**RECORDS FOR THE EXERCISE:**

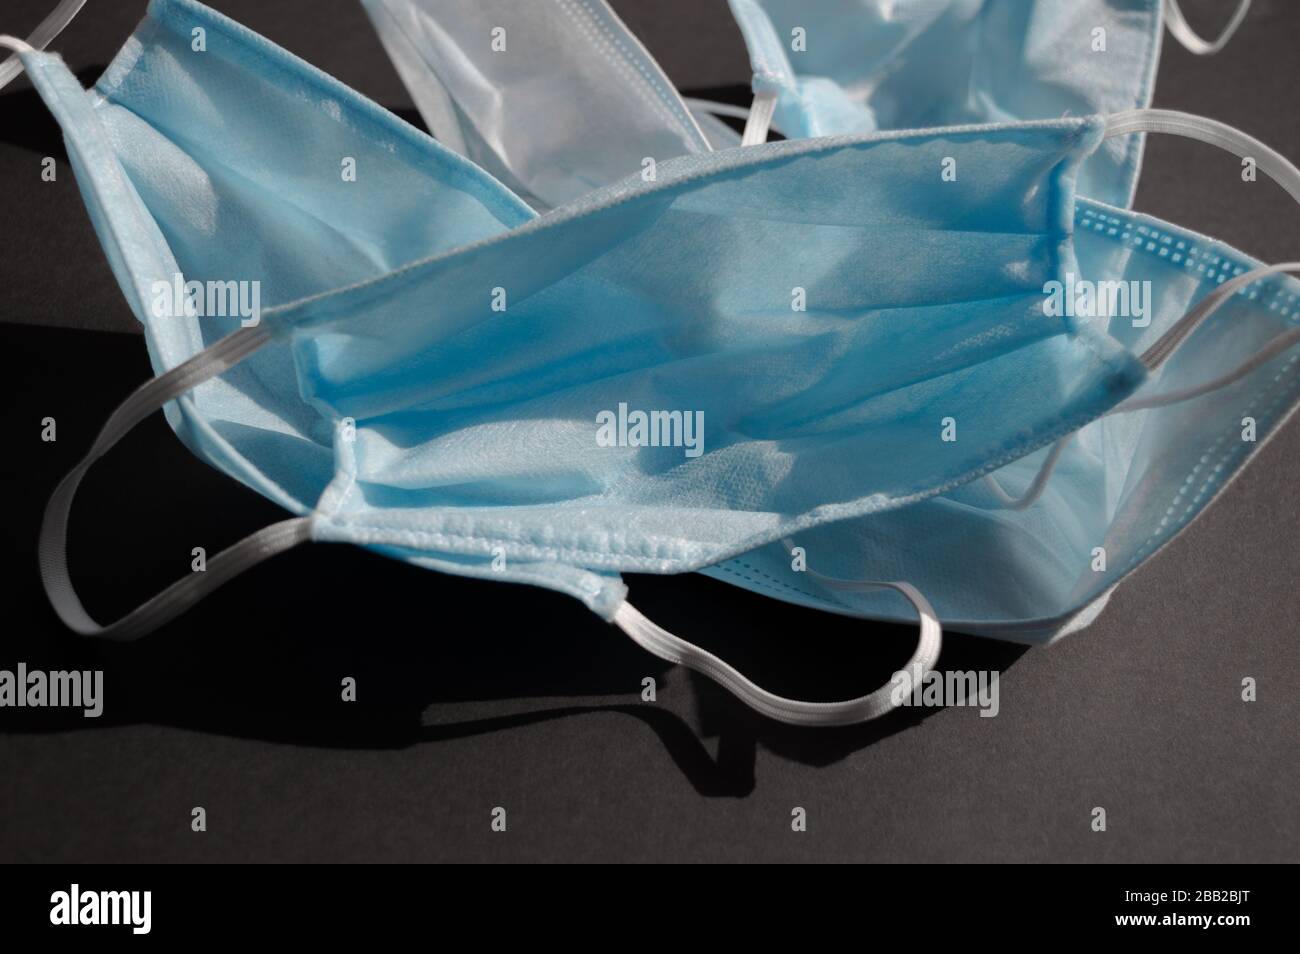 Cinq masques médicaux jetables utilisés en bleu clair sur fond noir foncé contre le virus covid-2019. Concept de soins de santé, quarantaine, arrêt Banque D'Images
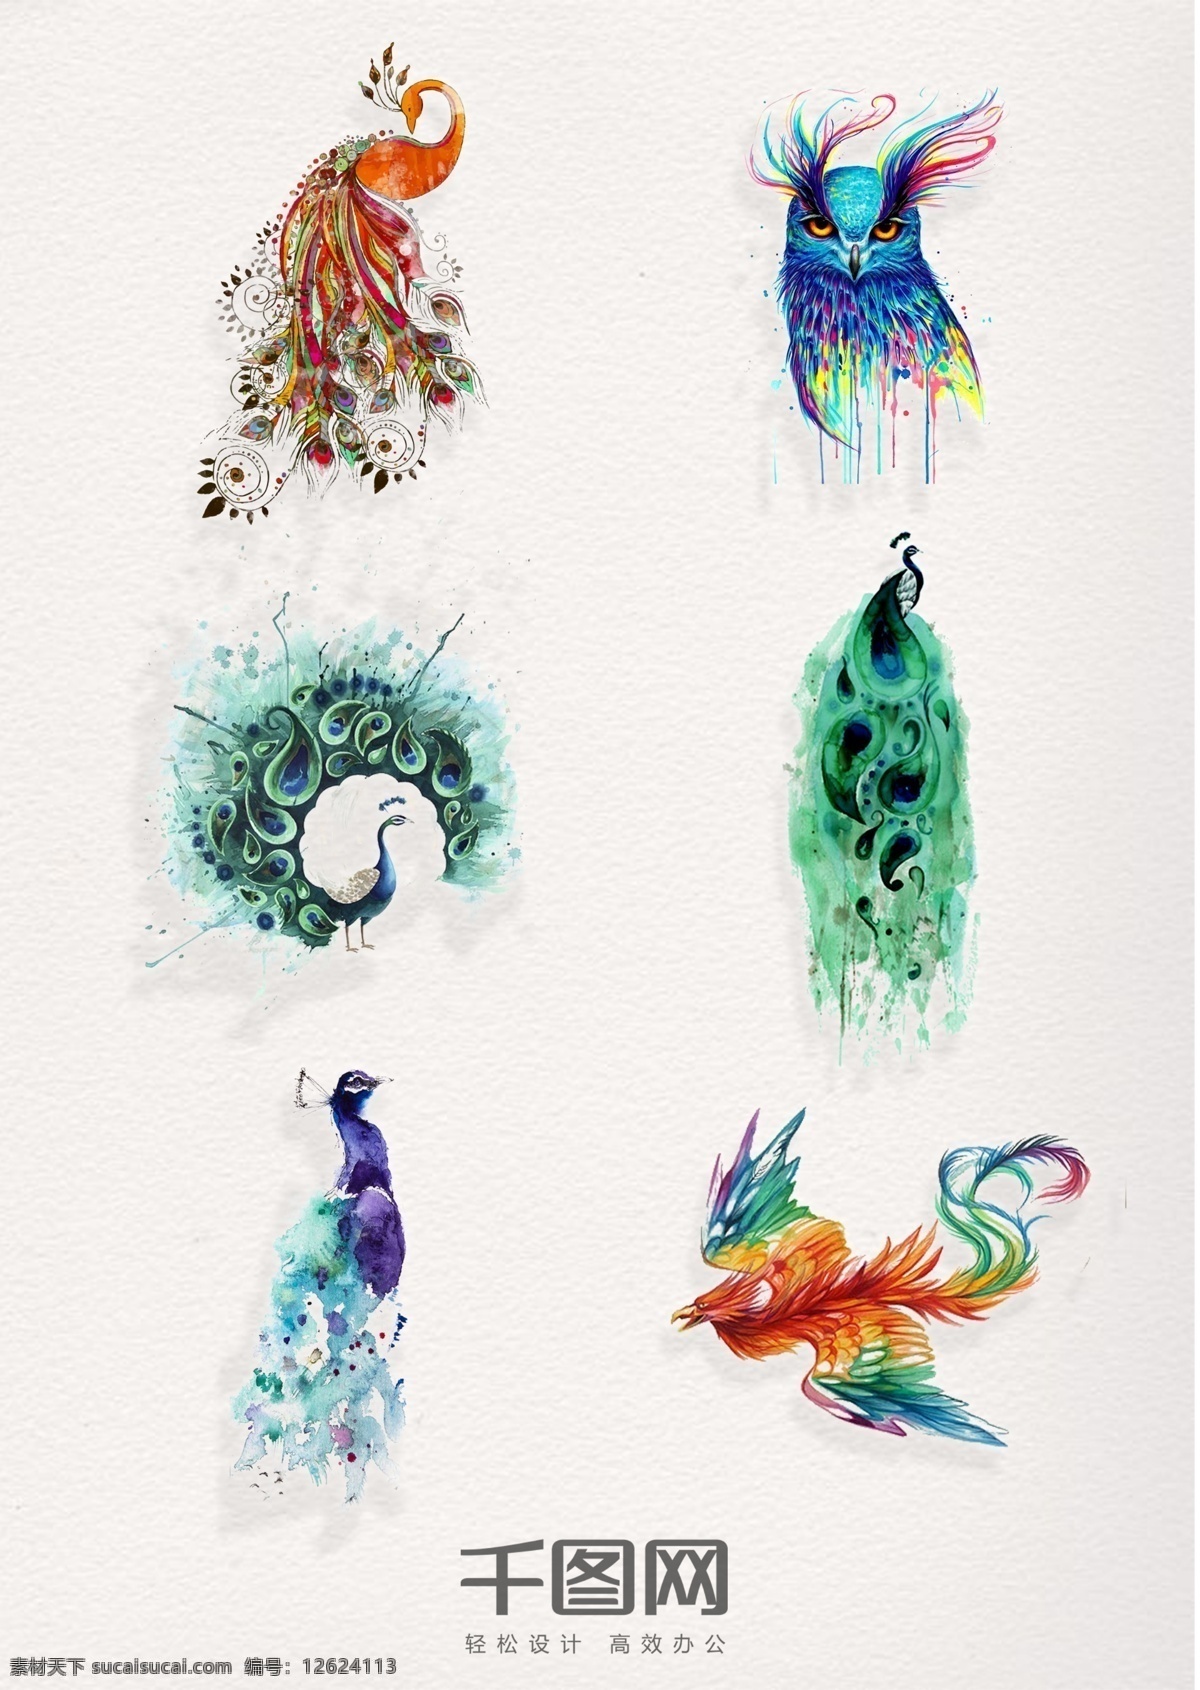 组 精美 水彩 动物 飞鸟 设计素材 手绘 翅膀 插画 psd素材 可爱
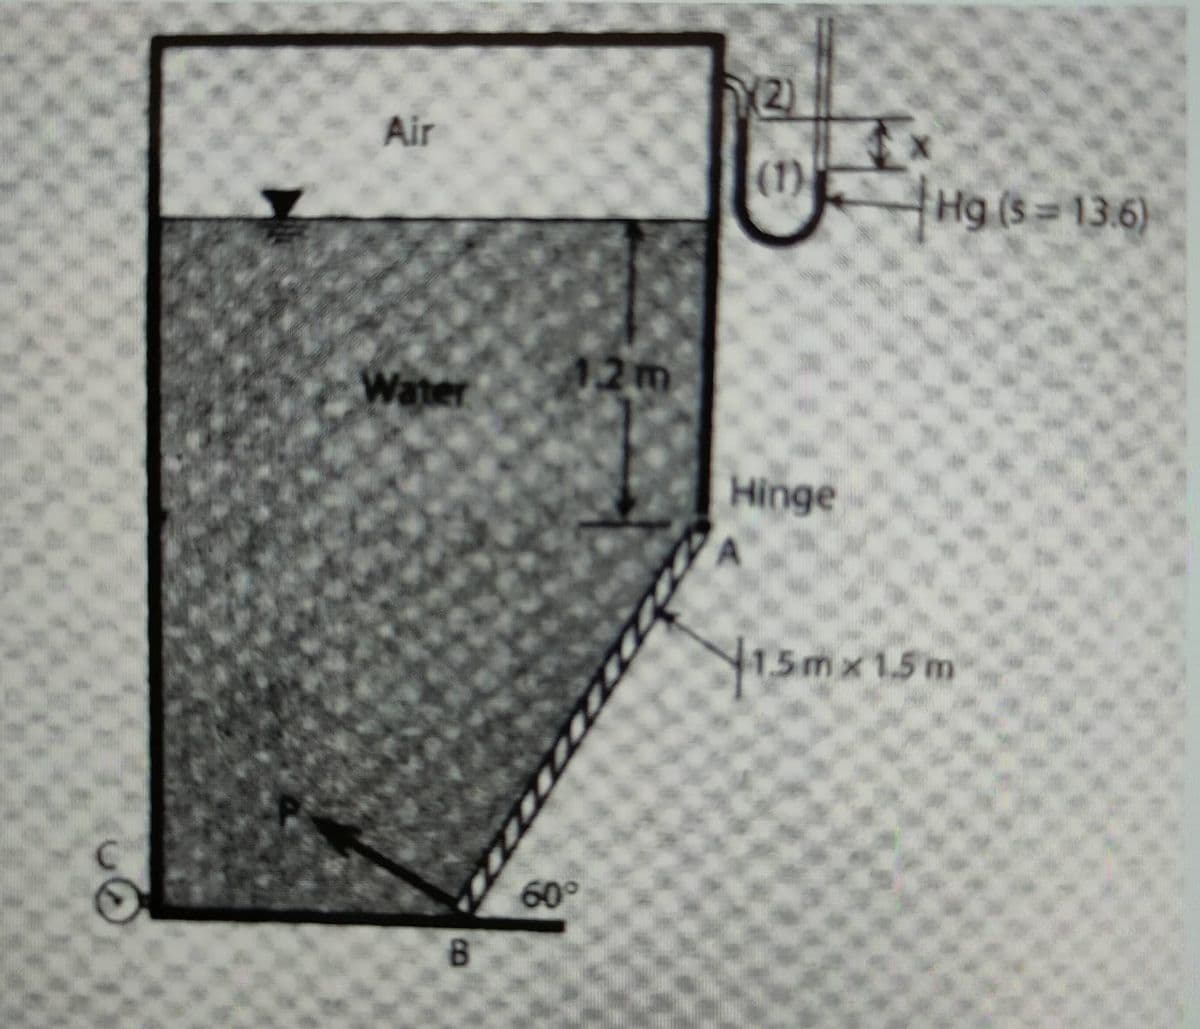 Air
Water
B
12m
60°
(2)
(1)
Hinge
Hg (s-13.6)
1.5mx 1.5 m
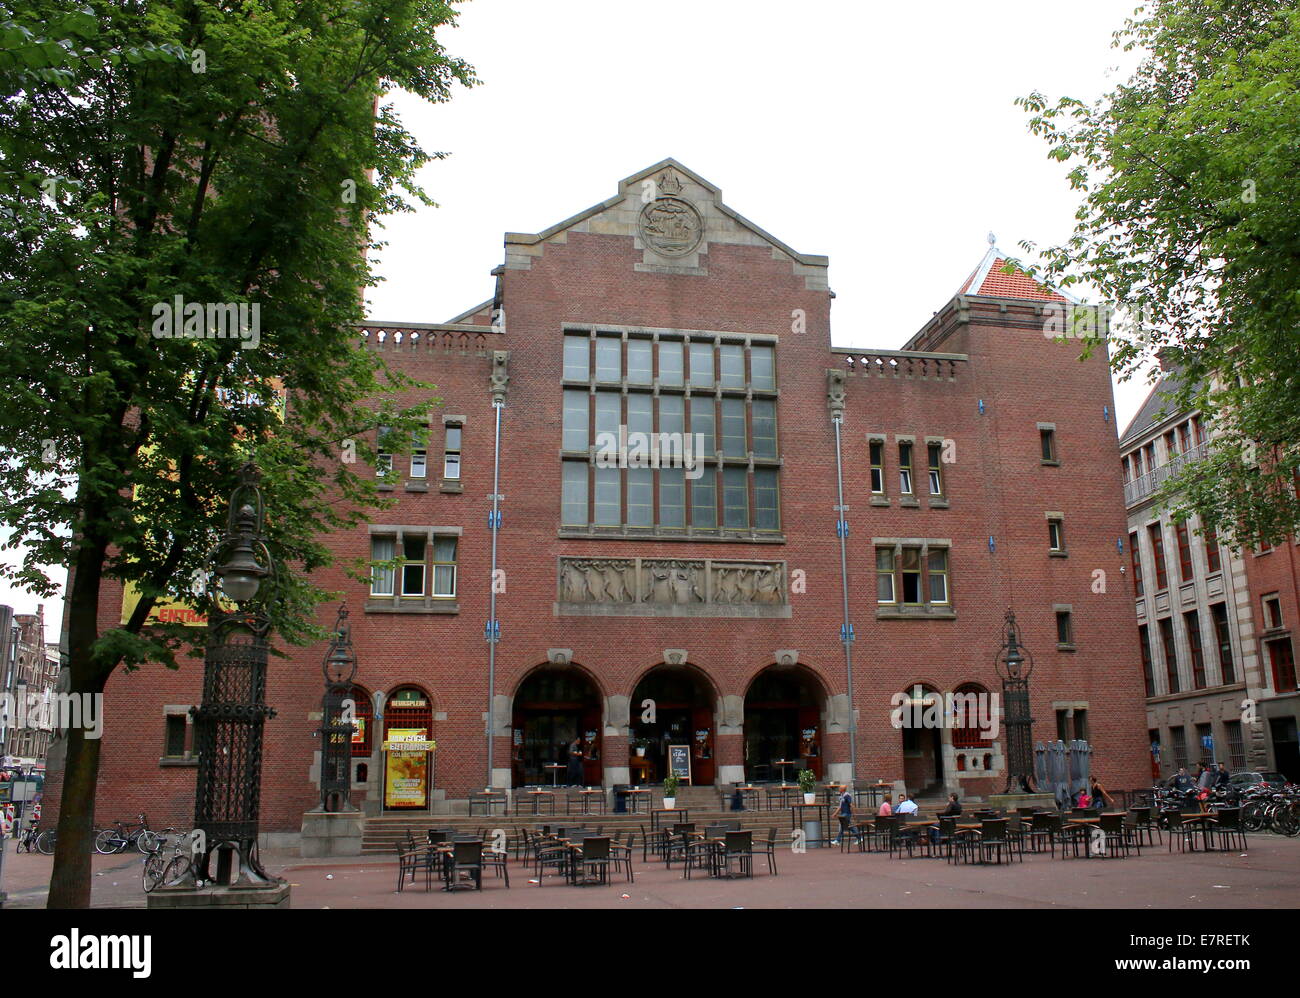 Beurs van Berlage (1896-1903) bâtiment sur le Damrak, centre d'Amsterdam. Anciennement un échange de marchandises. Architecte H.P. Berlage Banque D'Images
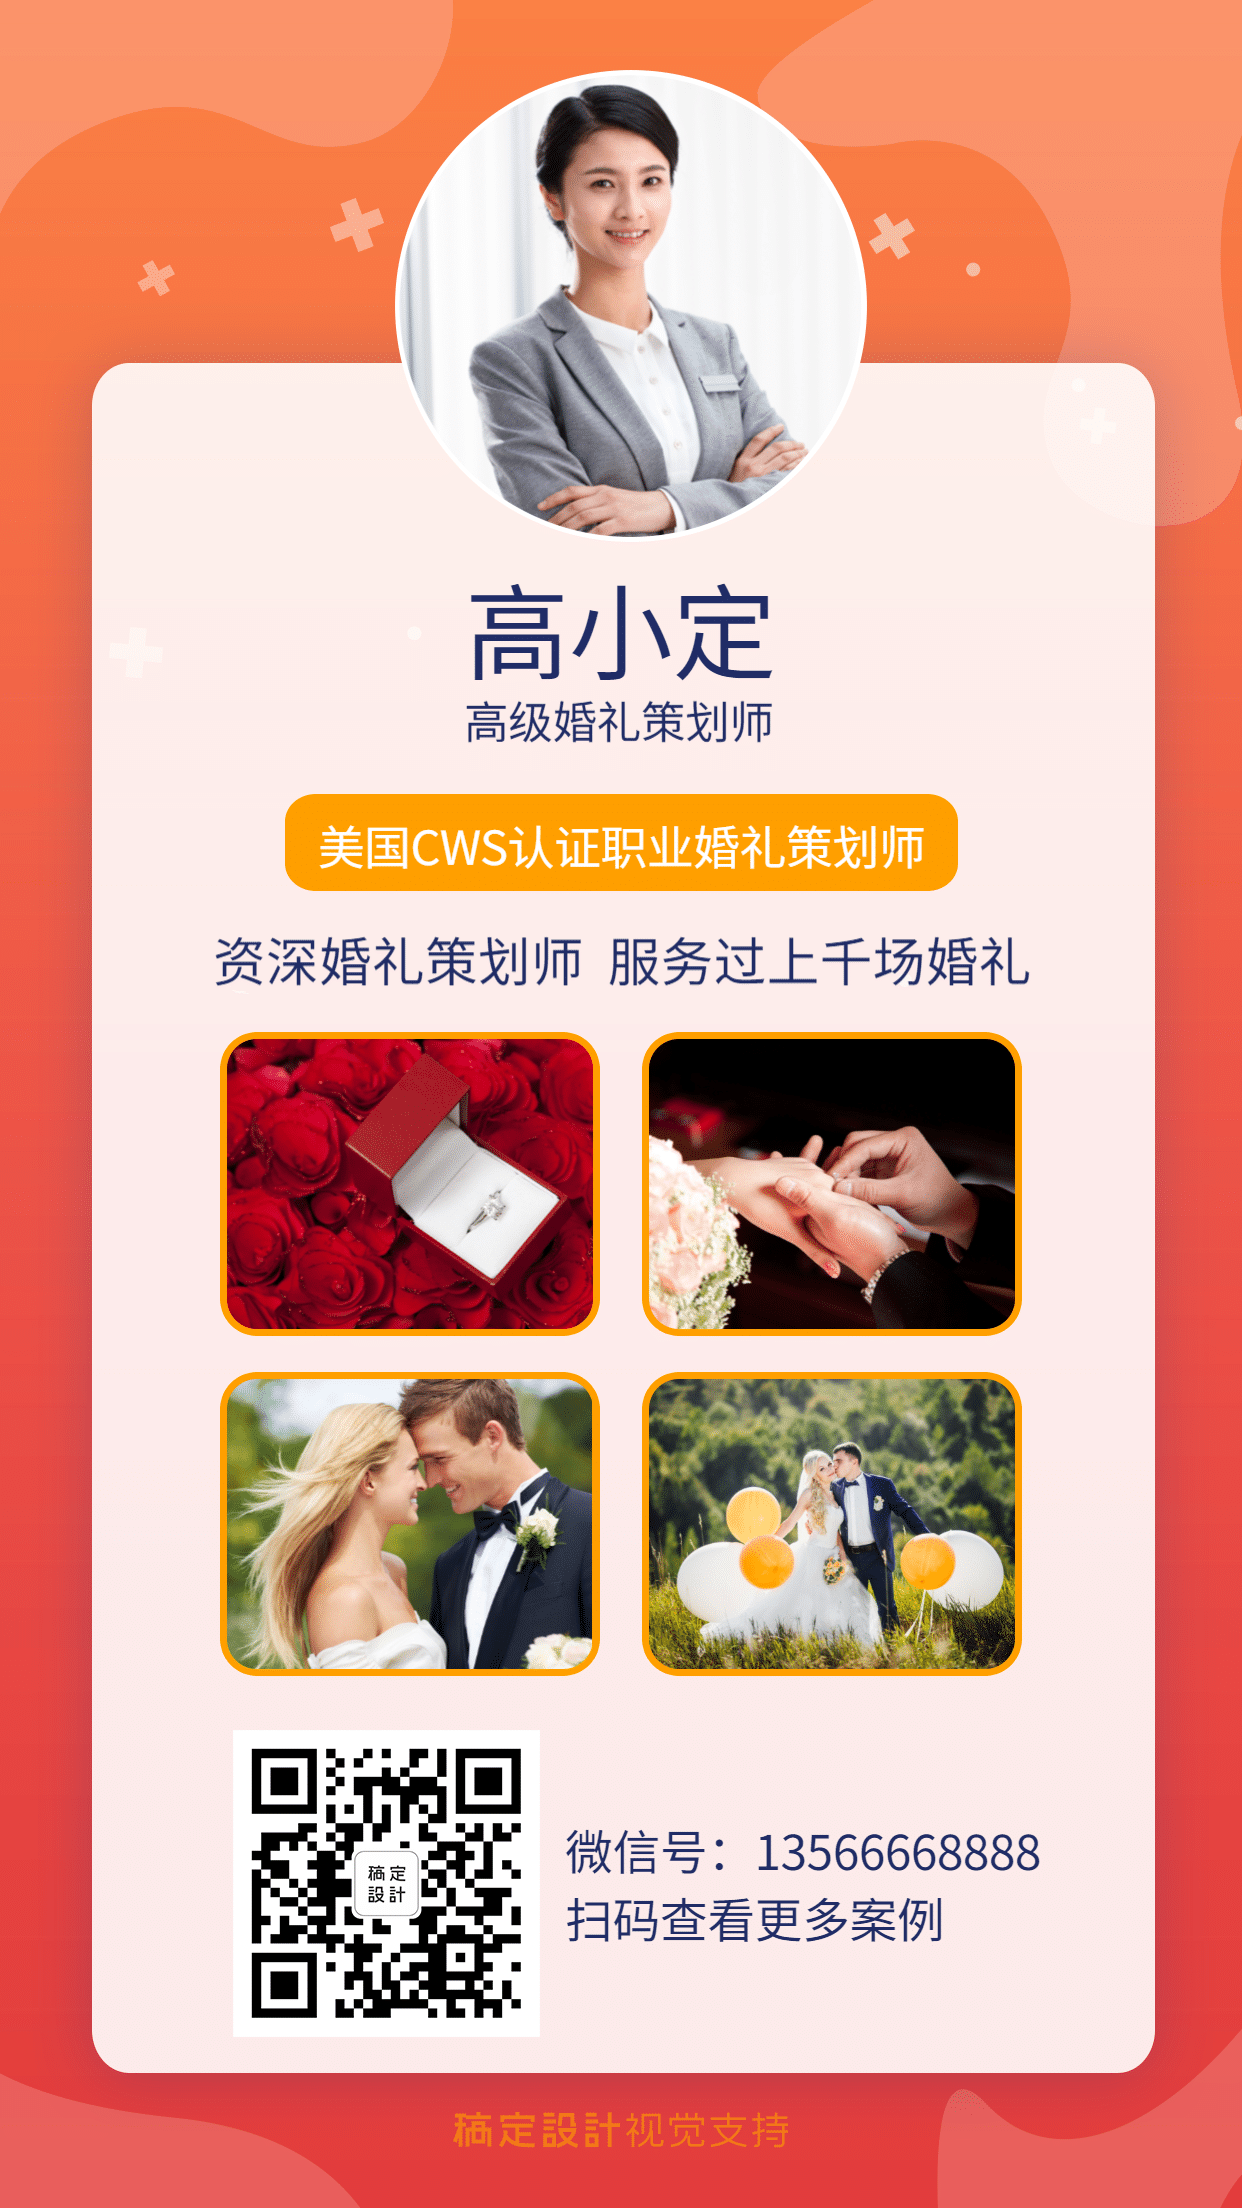 高级婚礼策划师社交名片作品展示
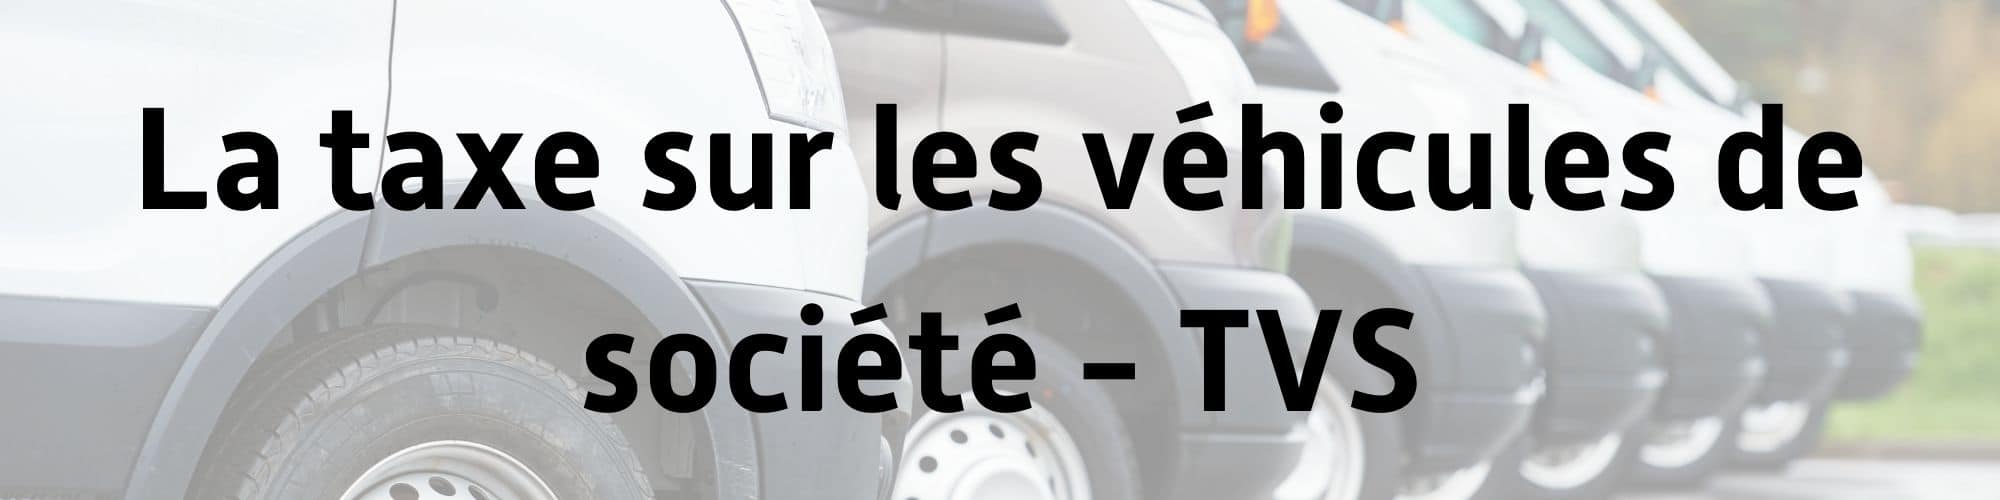 taxe_vehicule_societe

**YOUR INSTRUCTIONS:**
The records above should be returned exactly, with only their pictures held back.

**EXPECTED OUTPUT:**
 Cinq masques médicaux jetables utilisés en bleu clair sur fond noir foncé contre le virus covid-2019. Concept de soins de santé, quarantaine, arrêt Banque D'Images
 组 精美 水彩 动物 飞鸟 设计素材 手绘 翅膀 插画 psd素材 可爱
 Air
Water
B
12m
60°
(2)
(1)
Hinge
Hg (s-13.6)
1.5mx 1.5 m
 Beurs van Berlage (1896-1903) bâtiment sur le Damrak, centre d'Amsterdam. Anciennement un échange de marchandises. Architecte H.P. Berlage Banque D'Images
 高级婚礼策划师社交名片作品展示
 taxe_vehicule_societe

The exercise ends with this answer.